> Work instruction: Give every line of the data again, unchanged, but with no pictures.

> Data extract:
== Segment start ==

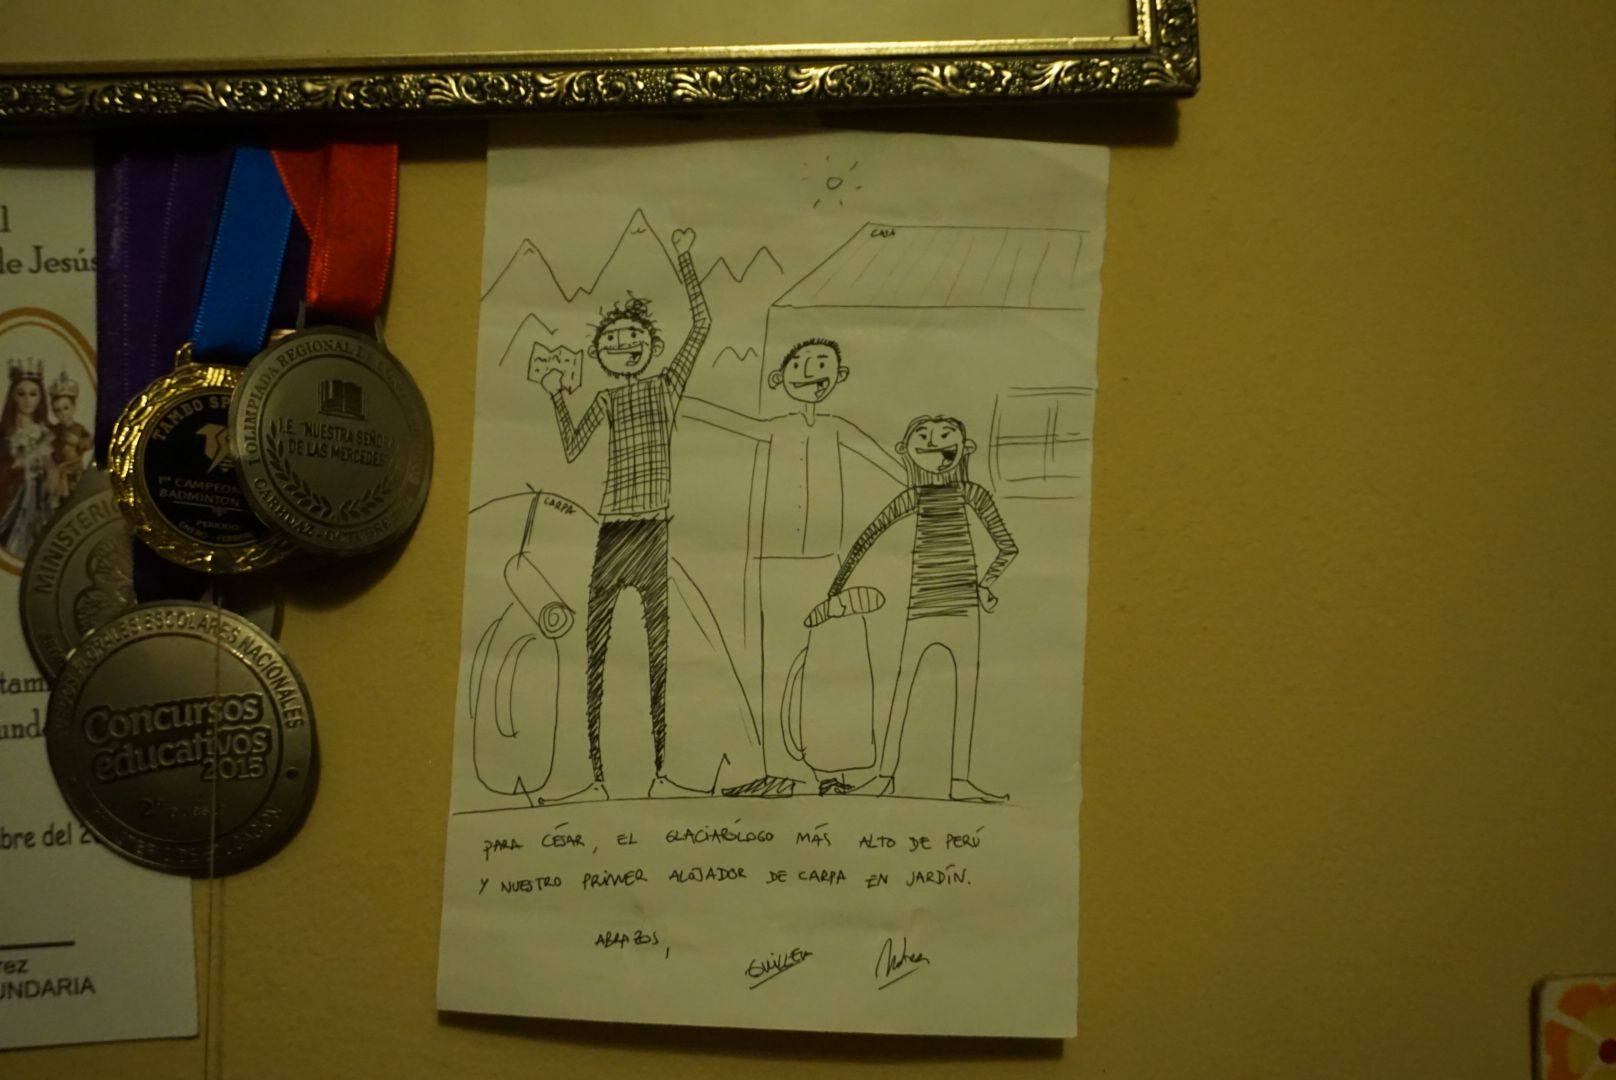 A close-up of César’s office wall: medals accompanied by a thank you note from backpackers who spent a night in César’s garden. Image by Audrey Fromson. Peru, 2019.
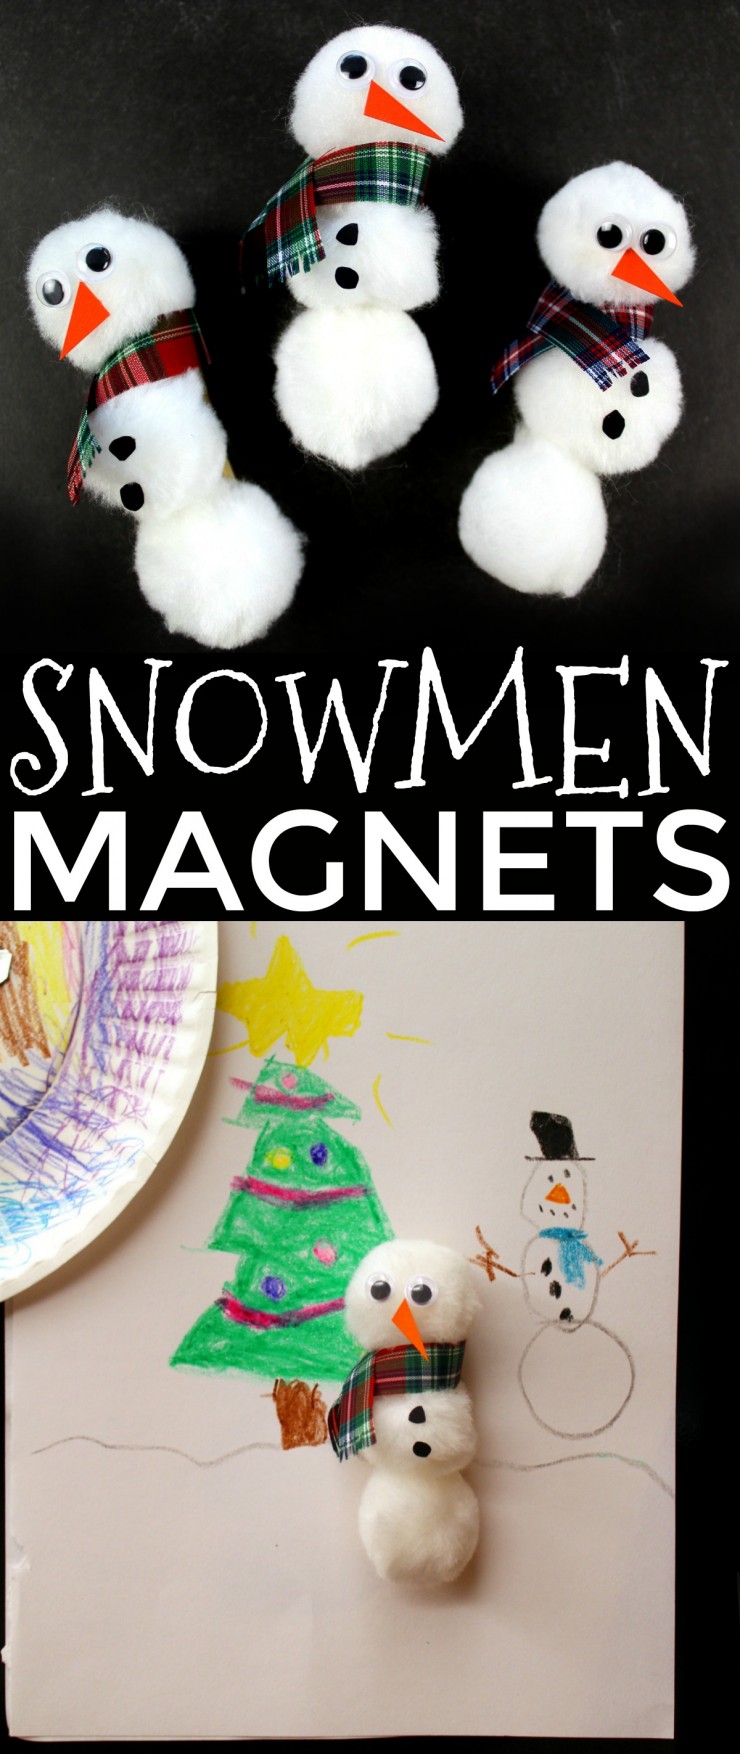 These adorable pom pom snowmen magnets are a fun winter craft for you or for the kids to get in on. They are really simple to make and are perfect for displaying your kids artwork on the fridge!
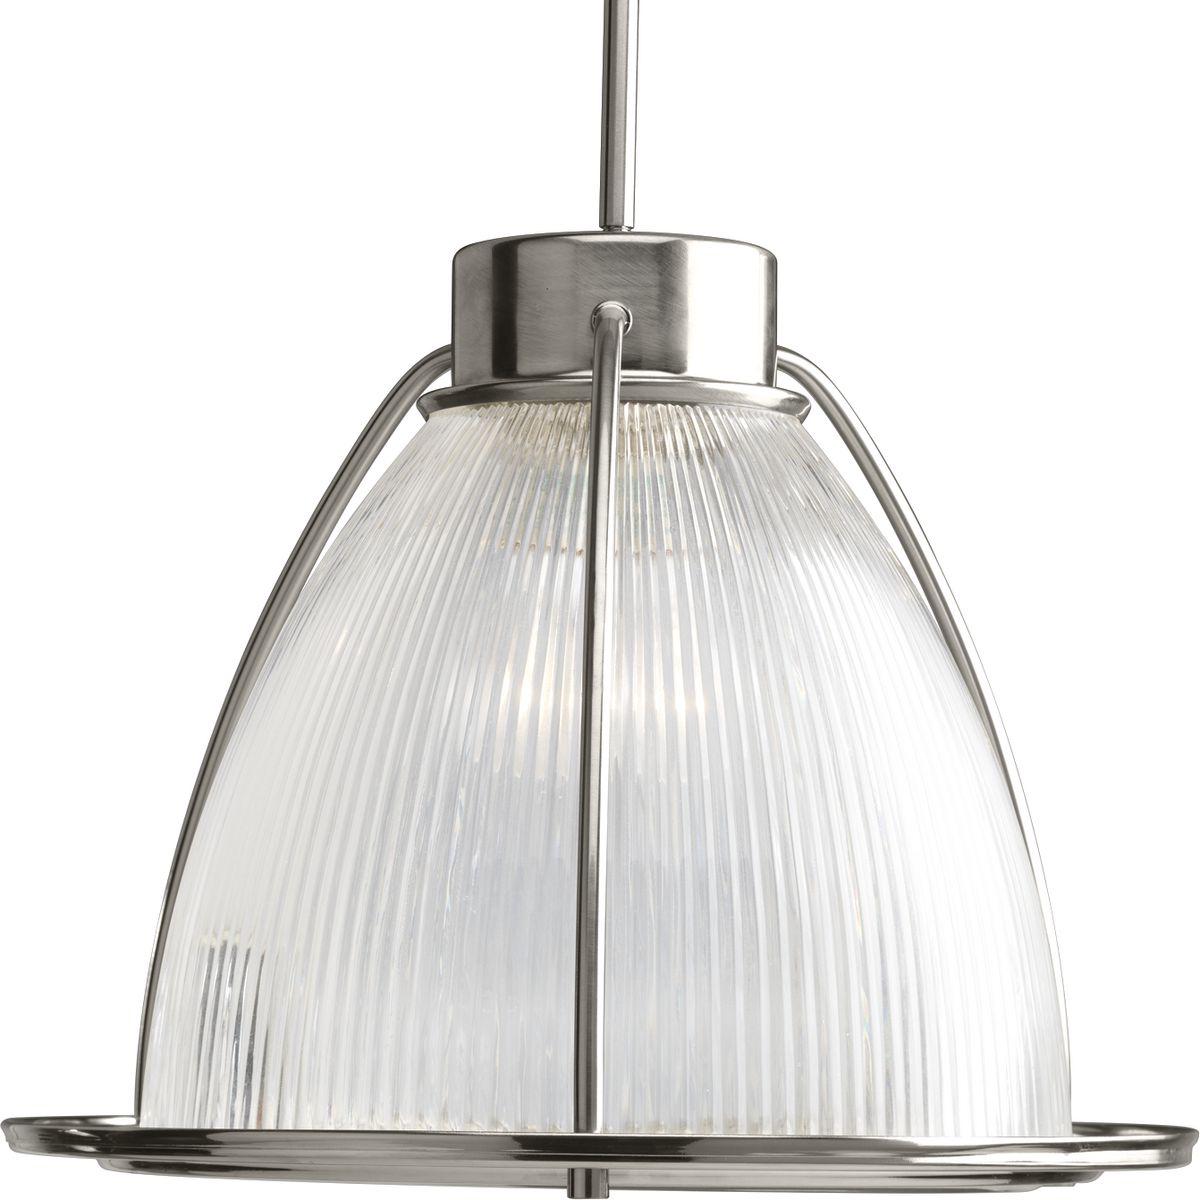 Hubbell P5183-09 One-light 16" pendant with prismatic glass shade for a sleek industrial look. Clear prismatic glass is highlighted with brushed nickel accents.  ; Brushed Nickel finish. ; Bold and striking Prismatic Glass shade. ; A sleek industrial look. ; Includes two

== Segment end ==

> Output for this task:
 A close-up of César’s office wall: medals accompanied by a thank you note from backpackers who spent a night in César’s garden. Image by Audrey Fromson. Peru, 2019.
 These adorable pom pom snowmen magnets are a fun winter craft for you or for the kids to get in on. They are really simple to make and are perfect for displaying your kids artwork on the fridge!
 Hubbell P5183-09 One-light 16" pendant with prismatic glass shade for a sleek industrial look. Clear prismatic glass is highlighted with brushed nickel accents.  ; Brushed Nickel finish. ; Bold and striking Prismatic Glass shade. ; A sleek industrial look. ; Includes two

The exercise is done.